> **Extracted data**:

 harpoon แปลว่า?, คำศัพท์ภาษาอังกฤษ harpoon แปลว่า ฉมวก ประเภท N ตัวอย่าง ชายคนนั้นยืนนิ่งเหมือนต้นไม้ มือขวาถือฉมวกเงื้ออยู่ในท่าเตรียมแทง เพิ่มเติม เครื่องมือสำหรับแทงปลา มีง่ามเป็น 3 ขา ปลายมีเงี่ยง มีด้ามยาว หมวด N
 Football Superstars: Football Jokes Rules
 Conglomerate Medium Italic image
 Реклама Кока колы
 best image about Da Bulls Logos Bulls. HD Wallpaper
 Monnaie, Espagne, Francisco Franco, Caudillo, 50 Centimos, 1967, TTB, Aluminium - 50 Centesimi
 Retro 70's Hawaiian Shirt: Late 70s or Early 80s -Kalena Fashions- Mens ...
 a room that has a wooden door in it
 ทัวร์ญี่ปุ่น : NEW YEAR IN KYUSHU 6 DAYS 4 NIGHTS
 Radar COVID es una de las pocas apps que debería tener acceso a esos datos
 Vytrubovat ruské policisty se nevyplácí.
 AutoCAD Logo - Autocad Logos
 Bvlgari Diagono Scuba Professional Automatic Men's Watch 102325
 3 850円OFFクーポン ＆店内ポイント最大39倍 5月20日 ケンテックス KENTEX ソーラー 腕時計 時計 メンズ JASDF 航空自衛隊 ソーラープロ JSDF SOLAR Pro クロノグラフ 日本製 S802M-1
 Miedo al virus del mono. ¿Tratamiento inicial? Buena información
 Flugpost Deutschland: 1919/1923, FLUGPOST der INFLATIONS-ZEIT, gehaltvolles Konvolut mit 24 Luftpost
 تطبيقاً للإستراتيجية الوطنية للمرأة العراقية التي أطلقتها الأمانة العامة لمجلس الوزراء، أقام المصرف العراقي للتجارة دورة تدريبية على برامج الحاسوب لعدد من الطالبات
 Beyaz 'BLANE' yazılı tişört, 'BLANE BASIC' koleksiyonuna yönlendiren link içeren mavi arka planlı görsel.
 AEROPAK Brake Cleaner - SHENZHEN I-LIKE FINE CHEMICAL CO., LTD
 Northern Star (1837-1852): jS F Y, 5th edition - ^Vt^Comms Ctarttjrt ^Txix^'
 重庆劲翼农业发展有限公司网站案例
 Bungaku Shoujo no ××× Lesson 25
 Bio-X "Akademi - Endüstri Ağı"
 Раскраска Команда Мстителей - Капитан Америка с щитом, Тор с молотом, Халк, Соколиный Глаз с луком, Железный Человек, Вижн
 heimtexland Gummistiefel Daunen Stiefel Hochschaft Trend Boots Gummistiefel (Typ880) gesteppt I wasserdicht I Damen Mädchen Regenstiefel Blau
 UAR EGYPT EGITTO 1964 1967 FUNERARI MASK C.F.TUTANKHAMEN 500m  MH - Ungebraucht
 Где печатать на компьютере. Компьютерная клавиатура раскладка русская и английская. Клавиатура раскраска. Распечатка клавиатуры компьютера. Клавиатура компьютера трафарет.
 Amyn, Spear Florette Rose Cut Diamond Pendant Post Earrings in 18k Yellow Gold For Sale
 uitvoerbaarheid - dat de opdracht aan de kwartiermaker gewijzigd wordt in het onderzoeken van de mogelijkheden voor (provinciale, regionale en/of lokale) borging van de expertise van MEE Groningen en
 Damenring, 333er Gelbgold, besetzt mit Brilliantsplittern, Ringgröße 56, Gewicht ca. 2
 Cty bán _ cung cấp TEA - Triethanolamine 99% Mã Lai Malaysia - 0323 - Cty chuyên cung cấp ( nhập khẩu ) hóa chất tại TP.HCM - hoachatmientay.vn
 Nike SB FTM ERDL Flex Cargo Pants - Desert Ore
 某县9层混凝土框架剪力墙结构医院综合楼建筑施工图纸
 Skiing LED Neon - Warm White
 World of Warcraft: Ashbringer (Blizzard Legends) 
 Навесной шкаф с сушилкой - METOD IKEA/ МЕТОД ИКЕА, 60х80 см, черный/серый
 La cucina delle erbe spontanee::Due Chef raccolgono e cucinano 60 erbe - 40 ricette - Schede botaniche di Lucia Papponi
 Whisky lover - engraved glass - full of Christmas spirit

> **Directions**:
The required output is every line above from the one with "a room that has a wooden door in it" down to the one with "AutoCAD Logo - Autocad Logos", restated word for word, ends included.

> **Solution to the problem**:
 a room that has a wooden door in it
 ทัวร์ญี่ปุ่น : NEW YEAR IN KYUSHU 6 DAYS 4 NIGHTS
 Radar COVID es una de las pocas apps que debería tener acceso a esos datos
 Vytrubovat ruské policisty se nevyplácí.
 AutoCAD Logo - Autocad Logos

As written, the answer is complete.